Eating for Autism presents an easy 10-step plan to positively change your child’s diet, starting with basic modifications and gradually moving to advanced nutritional interventions.  It includes safe and effective solutions to resolve nutrient deficiencies, treat food allergies, heal the gastrointestinal tract, strategies for feeding problems, and much more.  Eating for Autism is complete with 75 gluten, casein, soy, sugar, and chemical free recipes for kid-friendly foods and snacks.

You’ll learn how to:

  • Introduce new foods and expand your child’s diet
  • Help your child transition to healthier foods
  • Select the right vitamin, mineral, and omega-3 fatty acids supplements
  • Identify and treat food allergies and sensitivities
  • Heal the gastrointestinal tract
  • Select the most effective elimination diets and nutrition interventions
  • Make your child’s favorite foods gluten, casein, sugar, and chemical free

Eating for Autism is an invaluable resource for both parents and professionals seeking a better understanding of the important role nutrition plays in the integrative treatment of Autism Spectrum Disorder, ADHD, and ADD.


Introduction: Understanding the Brain – Nutrition Connection

PART I: The 10-Step Nutrition Plan

Step 1: Transition Your Child to a Healthy Diet

Step 2: Make Sure Your Child is Getting Enough Basic Nutrients

Step 3: Choose a Daily Multivitamin and Mineral Supplement for Your Child

Step 4: Increase Your Child’s Omega-3 Fatty Acid Intake

Step 5: Resolve Your Child’s Feeding Problem

Step 6: Heal Your Child’s Gut

Step 7: Identify and Treat Food Allergies

Step 8: Consider Putting Your Child on a Special Elimination Diet

Step 9: Try High Dose Vitamin B6 with Magnesium

Step 10: Explore Additional Supplements

PART II: Gluten and Casein Free Recipes for Kid-Friendly Foods



Breads and Muffins


Cakes, Cookies, and Desserts

Condiments and Sauces

Crackers and Snacks

Everyday Meals

Microwave Baking


Vegetables and Sides

PART III: Nutritional Information

Appendix 1: Choosing a Registered Dietitian

Appendix 2: The Best Dietary Sources for Protein, Fiber, and Calcium

Appendix 3: RDA or AI and UL for Vitamins and Minerals

Appendix 4: IEP Nutrition Goals and Objectives

Appendix 5: Data Collection Forms

Appendix 6: Nutritional Detoxification Plan

Appendix 7: Laboratory Test 


Eating for Autism contains 75 gluten free, casein free, and soy free recipes.

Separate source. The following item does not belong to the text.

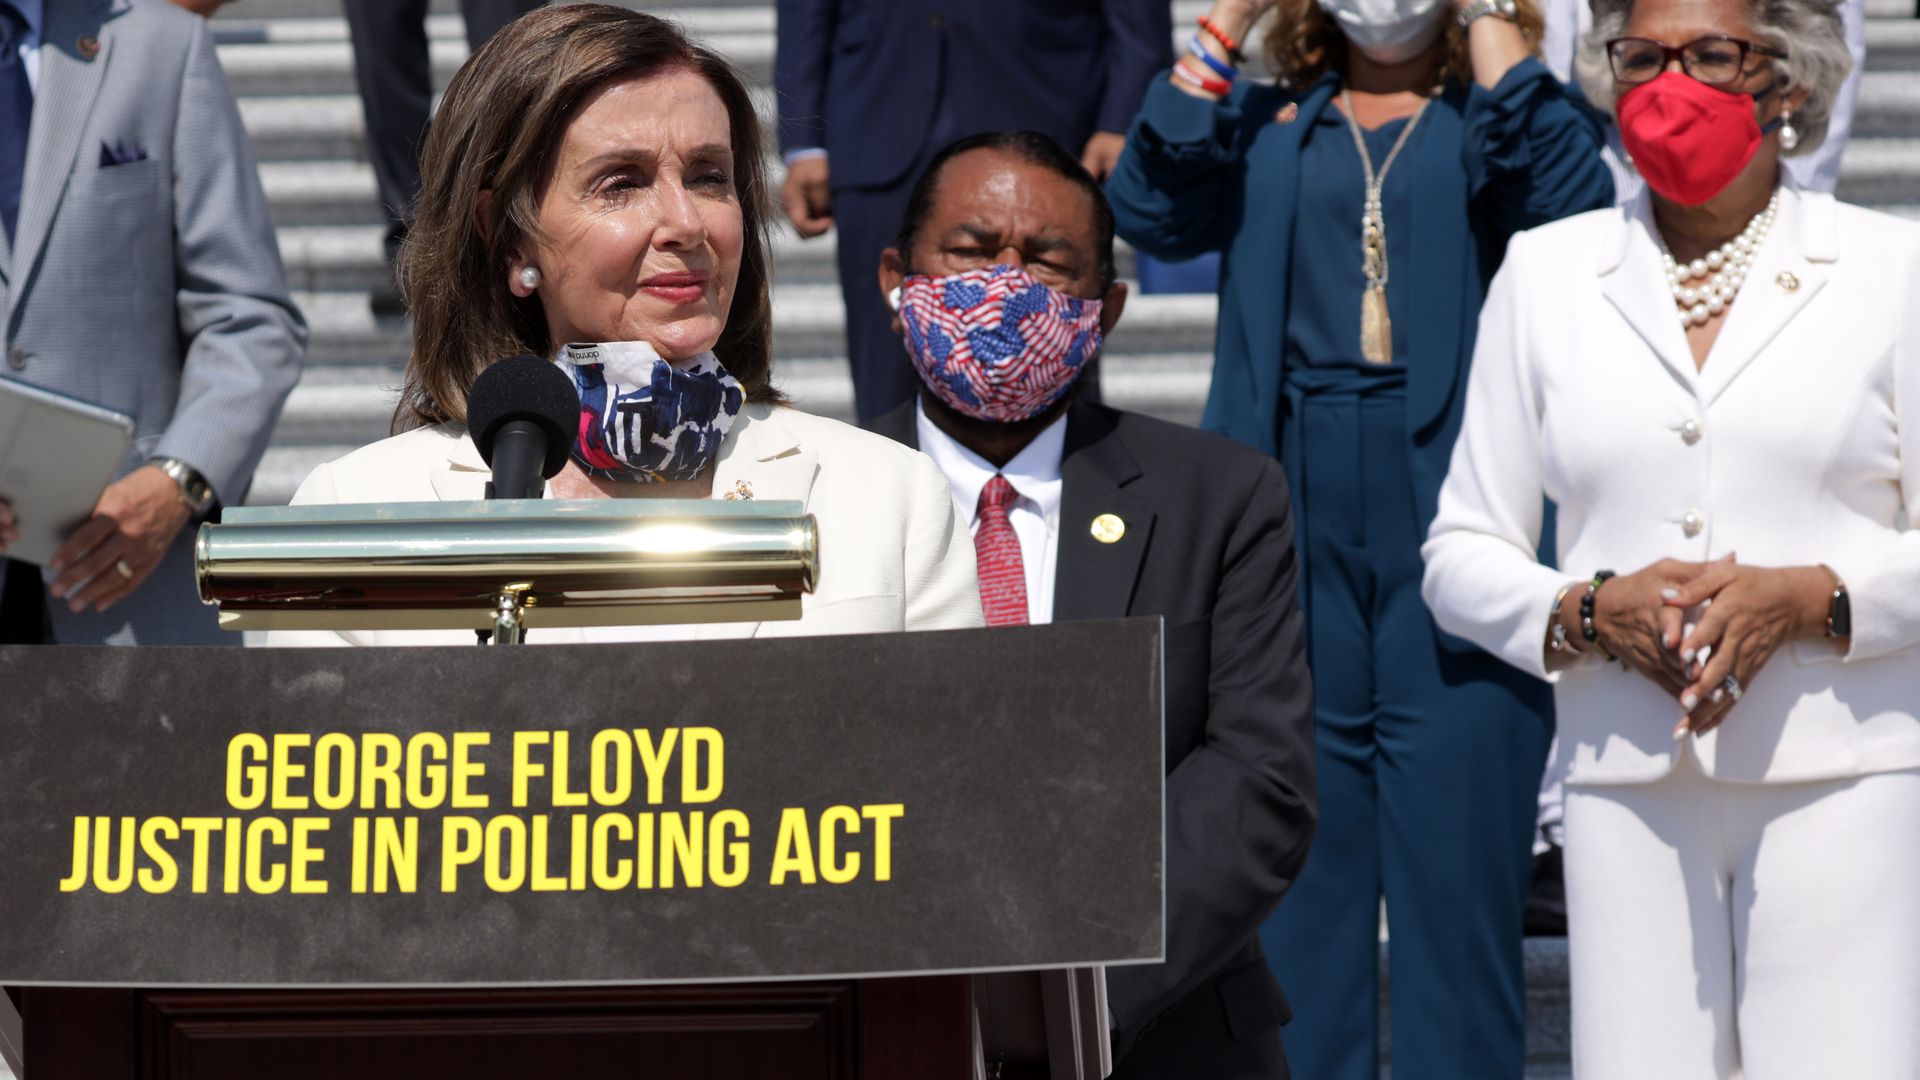 Nancy Pelosi speaking in June 2020 on a police reform bill named after George Floyd.

I selected foods and snacks that are “kid-friendly” including beverages, breads, muffins, cakes, cookies, desserts, condiments, sauces, crackers, and soups.  Also included are GFCF recipes for your child’s favorite meals such as pizza, chicken nuggets, and macaroni and cheese.

The recipes are not only free of gluten, casein, and soy; but the ingredients are free of refined white sugar, artificial food additives, and trans fat.  Ingredients selected for the recipes are higher in omega-3 fatty acids, fiber, calcium, and other nutrients.  These recipes will be enjoyed not only by your child on the GFCF Diet, but the entire family!

 An example of one of the recipes in Eating for Autism:


Pizza Crust

Makes one large or four individual pizza crusts.


You can actually see the soft, bread-like texture of this crust as you pat out the dough.  Spread to 10-inches yields a hand-tossed crust.  Spread thicker or thinner according to your own taste.



3 egg whites

1 tablespoon olive oil

½ cup apple juice

¼ cup brown rice flour, 35 grams

¼ cup sorghum flour, 35 grams

2 teaspoons Rumford baking powder

¼ teaspoon baking soda

¼ teaspoon salt

1 ¾ teaspoons xanthan gum

Preheat oven to 350°F.  Lightly grease baking sheet.

Place the egg whites in medium-size bowl.  Beat until very frothy.  Add the remaining ingredients.  Mix well.  The dough will look like very soft cookie dough.

Drop dough onto prepared pan.  Using wet fingertips, spread dough to ¼ -inch thickness–a 10-inch circle is a good size.  Bake for 10 to 15 minutes, until the bottom of the dough is lightly browned and the edges of the crust begin to color lightly.  (Bake longer for a crisper crust.)

Raise the oven temperature to 400°F.

Top partially baked crust with 2/3 cup of pizza sauce (page 186) and 1 cup of shredded dairy-free cheese (or other desired toppings).  Bake until the crust is golden and cheese is melted (and just beginning to brown), 5 to 10 minutes.